Her work is additional enhanced by her mastery of the ornamental arts, significantly ceramics and the standard Kyoto ceramic artisan traditions of Kyo-yaki and Kiyomizu-yaki, which she realized at an area public college.
Noda’s mission is to rejoice and draw consideration to nature, and she or he studied environmental advertising at college with emphasis on the environmental safety. After finishing a grasp’s course at Tokyo Nationwide College of Effective Arts and Music in 2011, she noticed her fame rise within the artwork world and was awarded the Grand Prize on the 52th Japan Modern Arts and Crafts Exhibition in 2013. In 2016 she made a splash on the worldwide artwork scene after displaying in Milan on the Il Vicolo gallery as part of “Japan My Love,” and the Concorso Arte Milano 2016, an artwork competitors.
Akiko Noda
Courtesy of Akiko Noda
She additionally confirmed in Paris in 2017 at “Savoir-faire des Takumi,” a collaborative mission to assist artists and artisans from Kyoto and Paris, the place they work together and create new works geared towards the worldwide artwork market whereas gaining inspiration by means of one another’s tradition and methods. In the present day her items are on show at New York Metropolis’s Onishi Gallery, showcasing up to date Japanese works that commemorate conventional craftsmanship.
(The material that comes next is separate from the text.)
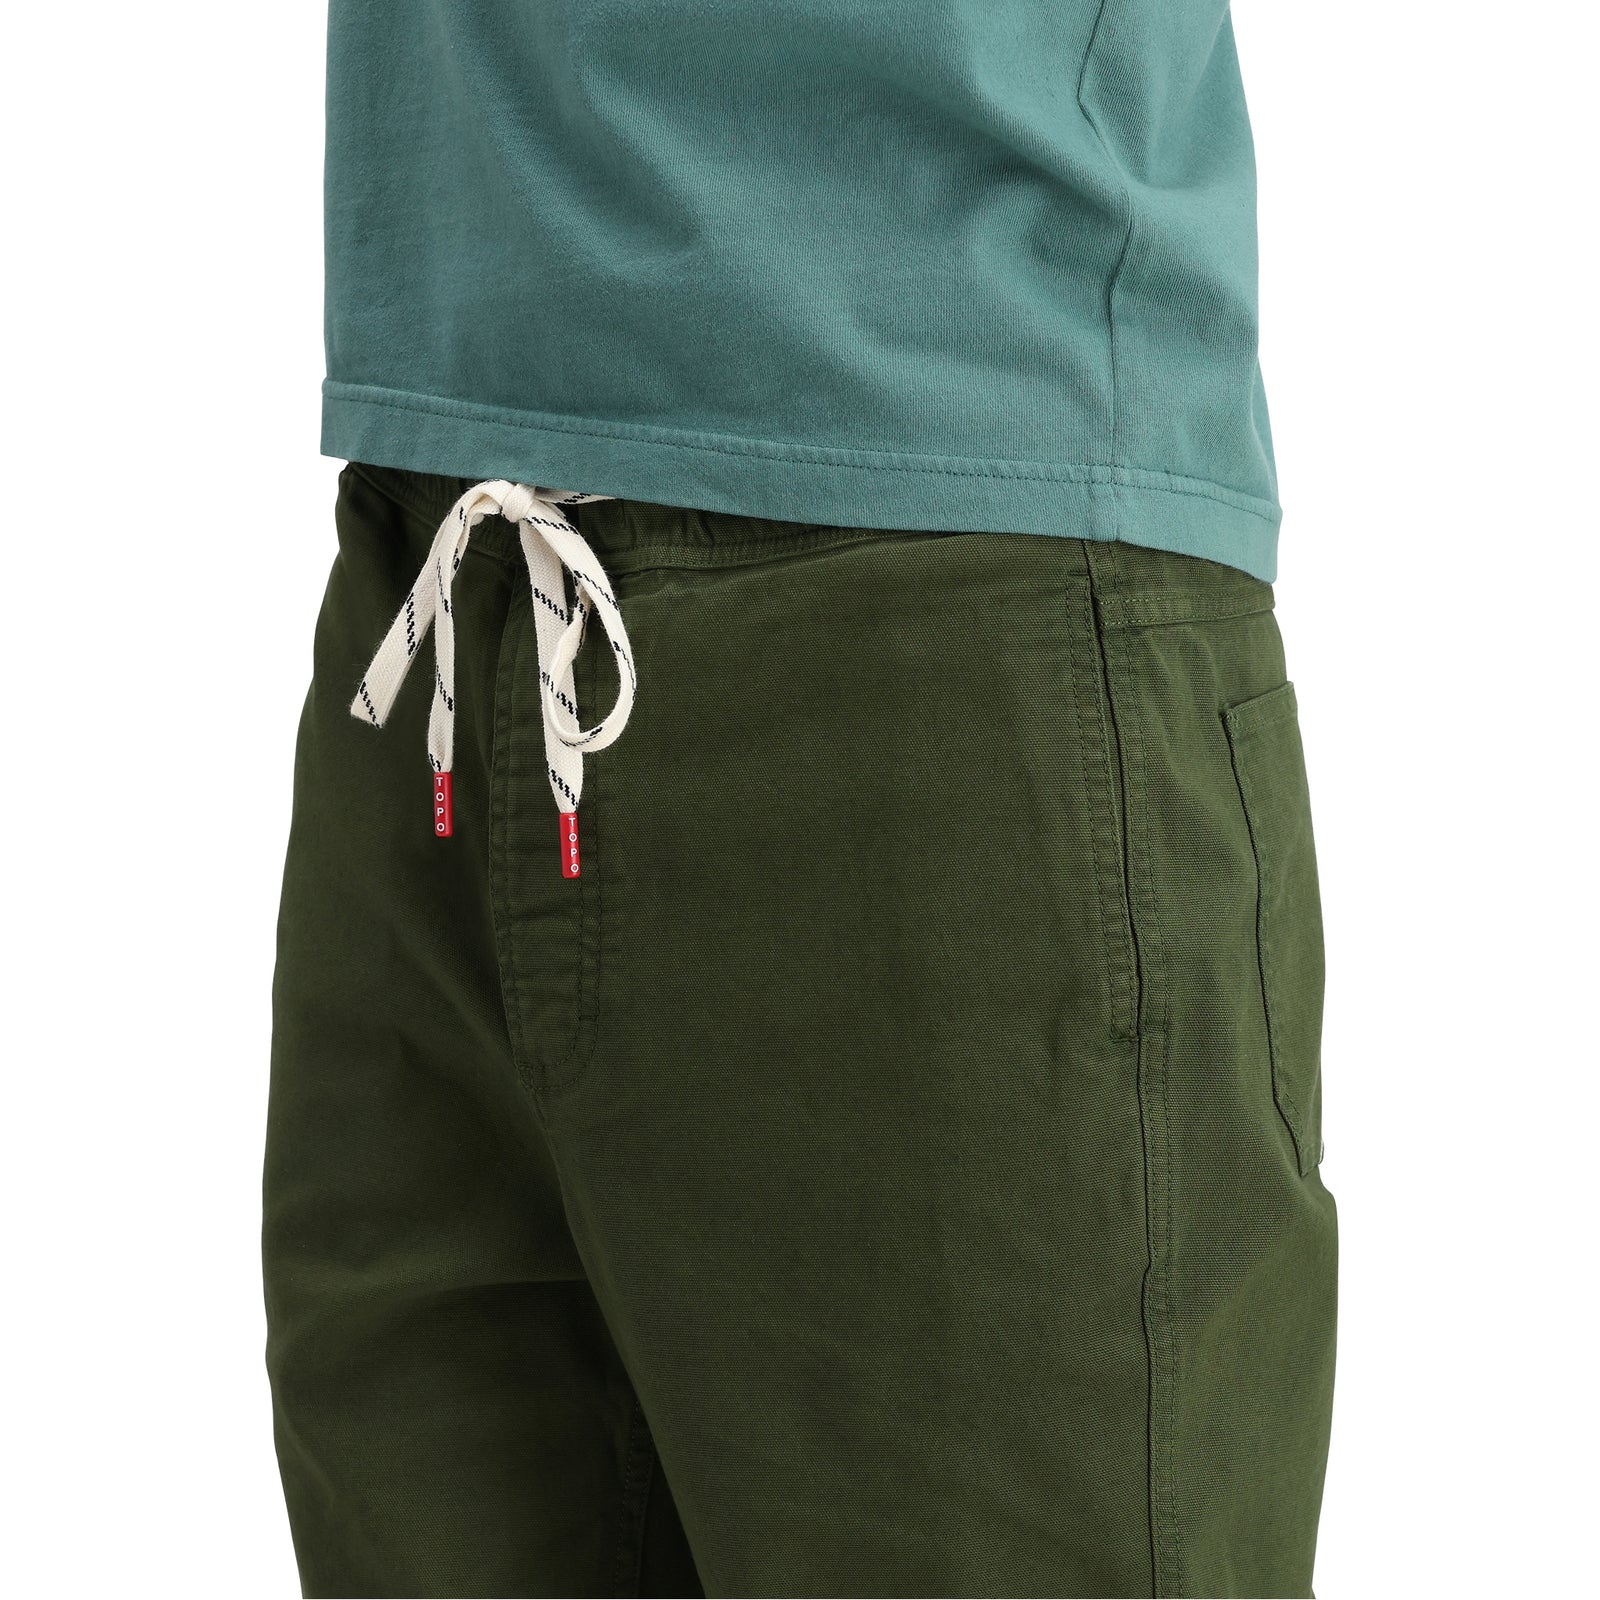 Detail shot of Topo Designs Dirt Pants Classic - Men's in "Olive"

Regardless of the place her profession takes her, she says Kyoto is her house. It’s the place the place she was born and the place she was meant to be. In her artwork, she typically returns to the lotus flower, which is a maternal tribute to life, love, fertility and peace. A spiritual image, it typically sits on the foot of Buddhist statues.
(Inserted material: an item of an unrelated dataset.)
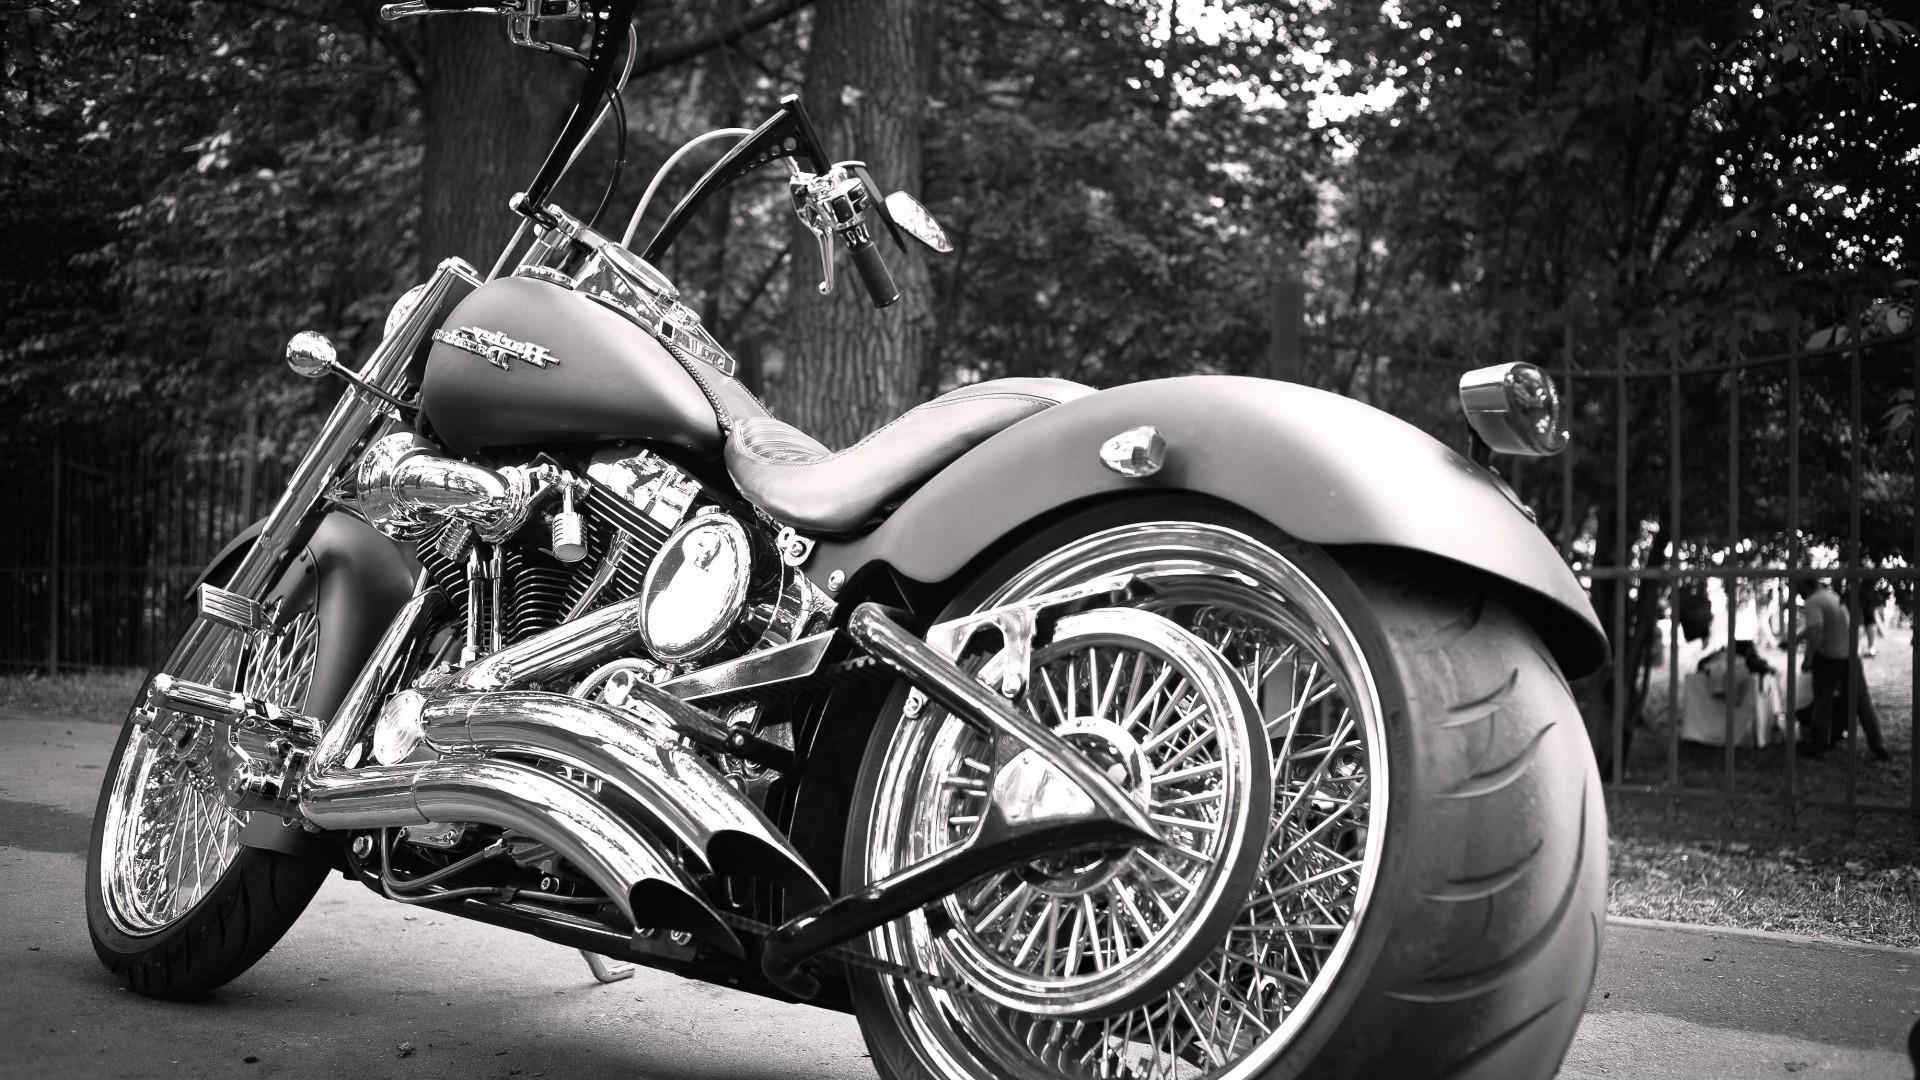 Harley Davidson Classic HD Davidson Bike Wallpaper

“As a plant, additionally it is an historic species, the seeds dwell for 1000’s of years however bloom for a restricted time, solely 4 mornings. And it blooms bigger flowers in muddy water fairly than clear water,” she explains, including that she’s drawn to its everlasting, magical nature, which persistently demonstrates each energy and fragility. “It is sort of a human’s lifestyle. That’s the reason I selected the lotus as a motif, and specific the transition from leaves to flowers to fruit as a human life,” she says.
Akiko Noda
Masaru Yutani
Seasons are sometimes an inspiration for Noda. “One of the best is when Kyoto is coloured with vivid autumn leaves,” she enthuses.
“I want to specific respect for nature, transition and the spirit of Zen with the theme of autumn leaves and moon viewing, which have been loved by Japanese folks since historic occasions in autumn,” she says, recalling a solo exhibition in 2017 during which she created a glass backyard contained in the Entokuin temple, a part of the Kodaiji Temple advanced, a shrine to Zen Buddhism. It’s additionally the burial website of Toyotomi Hideyoshi, one of many nation’s best samurai generals from the sixteenth century who is named the “Nice Unifier” of Japan.
“I put in my giant works in a dry panorama backyard, like a petal floating on the water,” she provides.
She’s gearing up for one more exhibition on the Kodaiji Entokuin temple from Oct. 9 to Dec. 14. In Might 2026, she’ll stage a solo exhibition on the Daimaru artwork gallery in Tokyo Station.
She additionally has her eye on a set devoted to water and its wonders.
“Sooner or later I want to float my works on water and create an set up exhibition the place the shadows of the glass works are projected on the water’s floor.”